*Extracted data*:
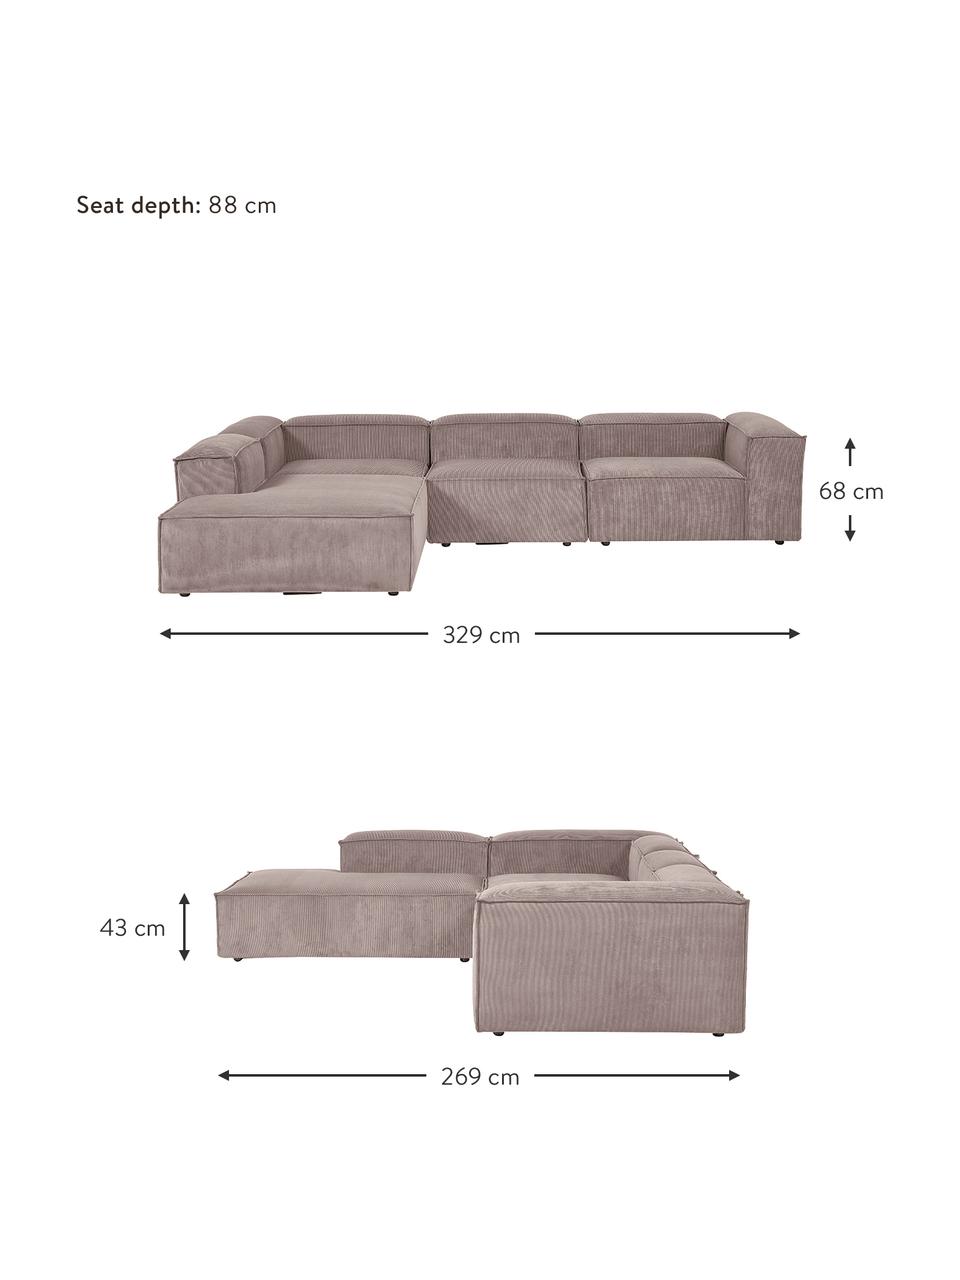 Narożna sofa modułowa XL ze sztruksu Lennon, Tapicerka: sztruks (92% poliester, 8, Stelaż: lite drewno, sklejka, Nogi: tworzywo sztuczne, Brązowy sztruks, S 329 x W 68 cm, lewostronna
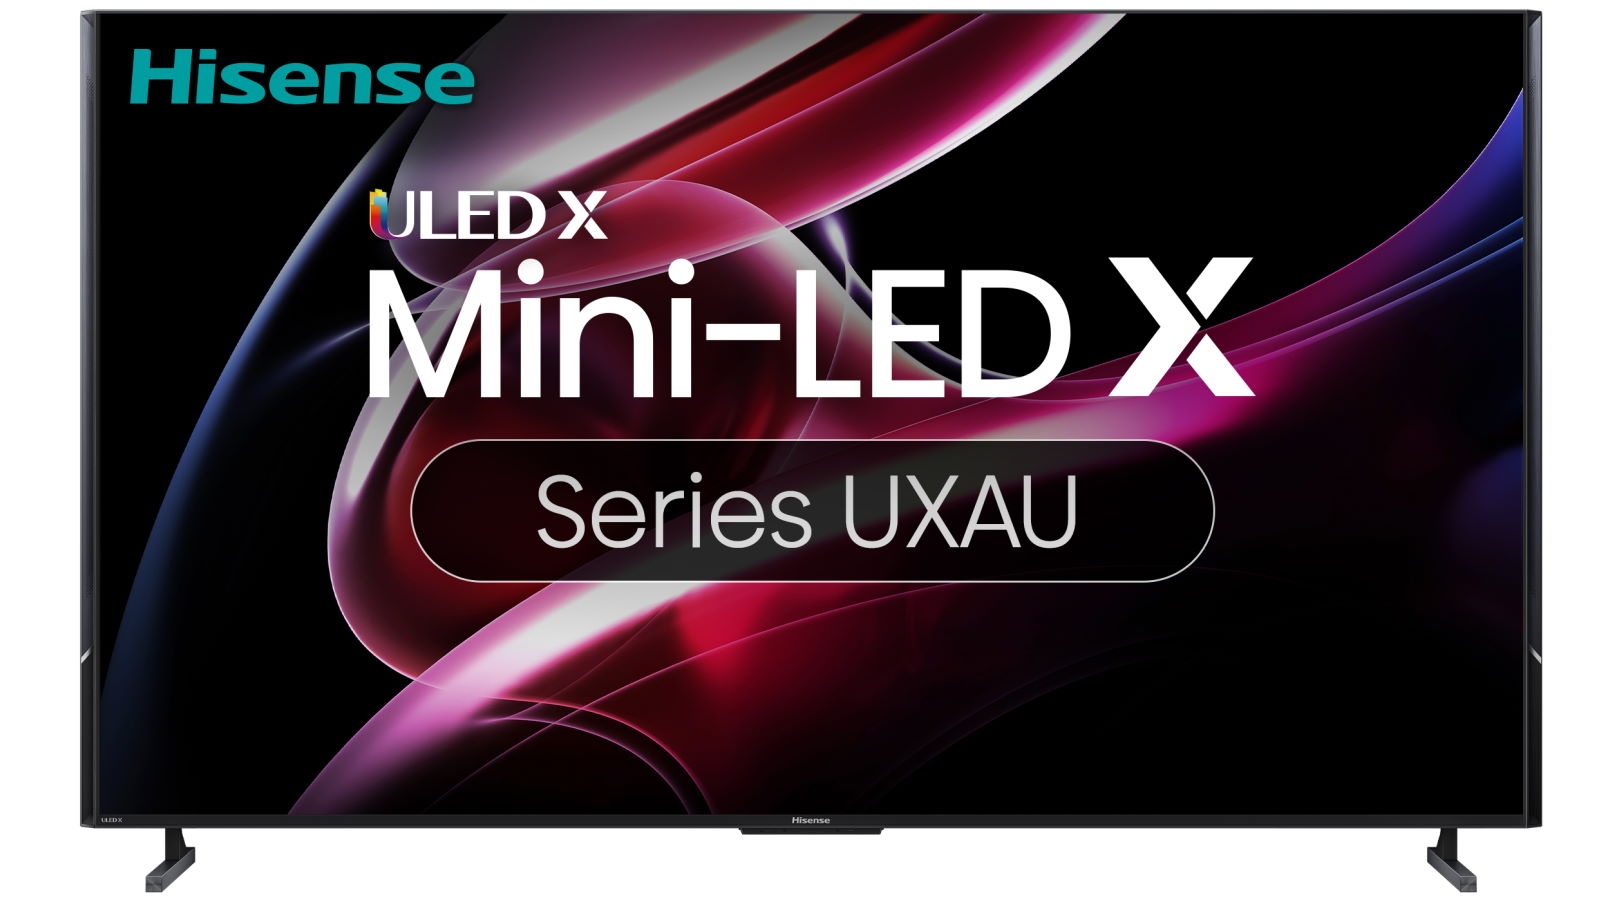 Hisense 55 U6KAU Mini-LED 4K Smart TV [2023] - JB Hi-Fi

---

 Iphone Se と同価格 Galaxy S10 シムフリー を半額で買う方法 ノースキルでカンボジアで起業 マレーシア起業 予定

*What the task asks*:
The result should be an exact copy of only the lines above from the one that holds "Narożna sofa modułowa" through the one that holds "Hisense 55 U6KAU", both ends included, without pictures.

*Task answer*:
 Narożna sofa modułowa XL ze sztruksu Lennon, Tapicerka: sztruks (92% poliester, 8, Stelaż: lite drewno, sklejka, Nogi: tworzywo sztuczne, Brązowy sztruks, S 329 x W 68 cm, lewostronna
 Hisense 55 U6KAU Mini-LED 4K Smart TV [2023] - JB Hi-Fi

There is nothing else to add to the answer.